To make sure design tasks with hidden value don't get lost

Sifting through the archives today I found this diagram I made to inform a discussion about how we can organise and prioritise design tasks when putting together a roadmap. It's also useful for general product roadmap development, so I'm going to put it here so I can access it again when it's needed. The short story is we often create design debt because we are prioritising critical fixes and new products, putting off low impact work for later. If you're reading this you know this sets a trap that will eventually spring on you, usually in the form of growing design inconsistency, delivery slowdown, and technical and UX debt.

Categorising work into buckets that describe their purpose and impact is a simple low effort way to frame up prioritisation conversations in a way that supports a balanced roadmap. Basically we put everything in one of these buckets:

Scaffolding

The Scaffolding bucket is for work that doesn't directly impact the customer but improves how teams design, build, measure, and collaborate.
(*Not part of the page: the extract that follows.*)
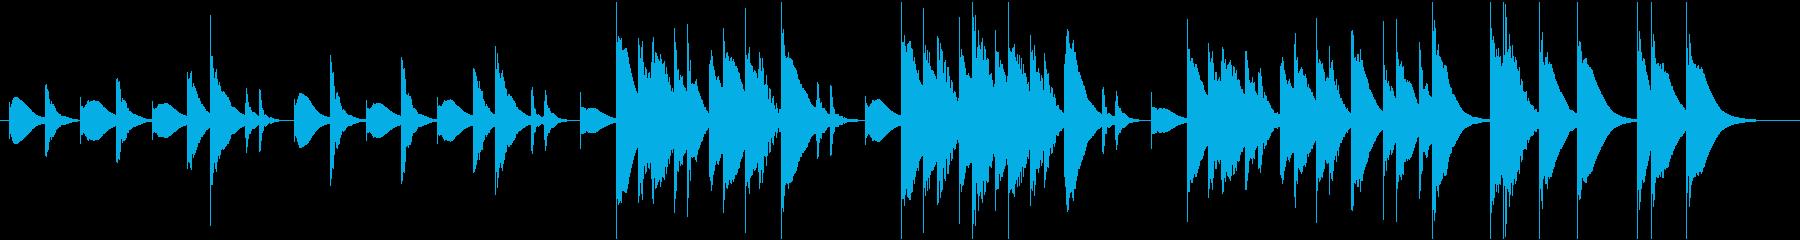 ほのぼのとしたマリンバショートVerの再生済みの波形

This is the operational and strategic layer that supports everything else.

Stuff like:

  • Design process improvements
  • Accessibility governance
  • Success metrics
  • Ways of working
  • Documentation standards

Foundations

The Foundations bucket is for work that establishes or strengthens the core structure of the experience. This is the architectural layer of UX and product design. It creates reusable systems and durable patterns that future work depends on.

Examples include:

  • Information architecture redesign
  • Navigation models
  • Design systems and component libraries
  • Taxonomy and terminology work

Maintain

Use the Maintain bucket for work focused on preserving, refining, and stabilising the current experience. This is the continuous care and quality layer. It keeps products usable, reliable, and aligned with evolving user expectations.

Stuff like:

  • UX polish
  • Bug fixing
  • Accessibility remediation
  • Small usability improvements
  • Content updates
  • Reducing friction in existing flows

Maintain work is rarely flashy, but neglecting it creates experience debt that accumulates quickly.

Progress

Use the Progress bucket for work that meaningfully advances the product or experience.

These are the new features that attract new customers:

  • New capabilities
  • Major journey redesigns
  • Entering new markets or audiences
  • AI integrations

Progress work is often the most visible and commercially exciting, but it depends heavily on the health of the other three buckets.